James Boyle’s tarot-inspired artwork in Philadelphia magazine launched a crowd-funding campaign to produce a full, Philly-themed deck based on his illustrations.
By Matt Skoufalos | October 17, 2018
All artists hope their work will find its intended audiences—but every once in a while, something catches fire.
Right now, freelance illustrator James Boyle of Collingswood has a project that’s positively incandescent.
It started with a one-off assignment to create some Philadelphia-themed tarot card art for a lifestyle essay in Philadelphia magazine.
Boyle’s spin on the classic line art was sturdy enough, but its marriage of tarot arcana with local cultural images put it over the top.
Readers started clamoring for more.
“When they published that, there was a flood of feedback online,” Boyle said. “People were asking where they could buy the deck, is there an actual deck? People were demanding to see the deck become a thing.”
Despite a lack of familiarity with the subject matter, Boyle was intrigued. He put up a kickstarter page, and started drawing more Philly-themed tarot as part of “Inktober,” a month-long, drawing-a-day exercise challenge for illustrators.
With more than a month to go, it’s already been backed at more than triple his initial, $6,500 goal.
Even completing one hand-drawn, pen-and-ink card a day, Boyle will have to pick up the pace to complete the entire 78-card deck in time to ship them out for the holidays.
But enthusiastic feedback from fans of the project is helping spur him onward.
“I can’t tell you how motivating that is for someone like me who just works out of a home studio,” Boyle said.
“I spend most of the day alone by myself at a desk,” he said. “To have that feedback every day gets me super-pumped waking up in the morning.”
In addition to the city of Philadelphia and its hundreds of years of culture, Boyle’s inspiration for the project is the Rider-Waite tarot deck.

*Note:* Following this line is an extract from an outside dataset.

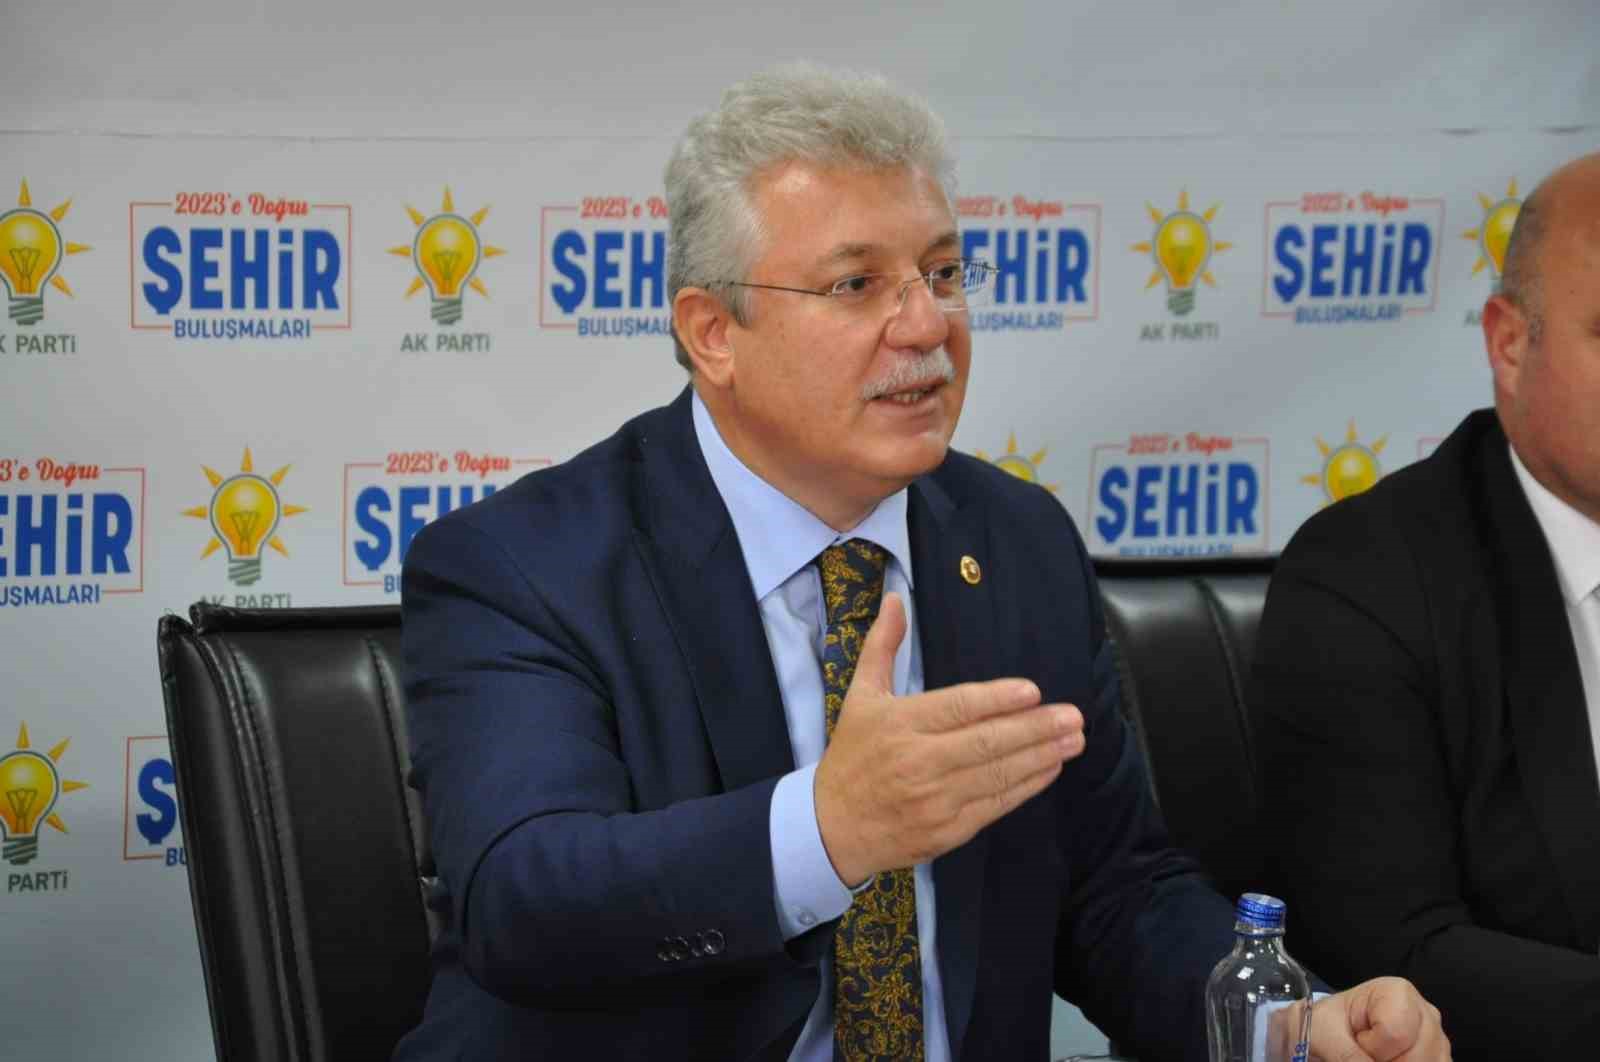 AK Parti Grup Başkan Vekili Akbaşoğlu: “Orta vadeli programın sonunda kişi başına düşen milli geliri 14-15 bin dolarlara çıkaracağız”

First published in 1910, its classic illustrations were drawn by Pamela Colman Smith, whose work Boyle calls “elegant and decorative, and deceptively detailed.
“People who are interested in this project, that’s what they’re really responding to,” he said.
For an artist who primarily works in digital media, the opportunity to switch from his Wacom tablet to a crow quill pen has been a welcome one.
“I’m actually having a great time channeling her pen-and-ink technique,” Boyle said.
“I feel a real connection to [Smith] in that way.”
Even in paying homage to Smith’s legacy, Boyle is of course doing his own creative work, defining the parallel images that comprise Philadelphia tarot.
He’s not a tarot scholar, but hopes his work will satisfy fans of the rich symbolism contained in Smith’s deck; at the least, Boyle is excited to helm a project that adds to its legacy.
“What is old becomes new again,” he said. “You put a new spin on something, and hopefully it catches on.”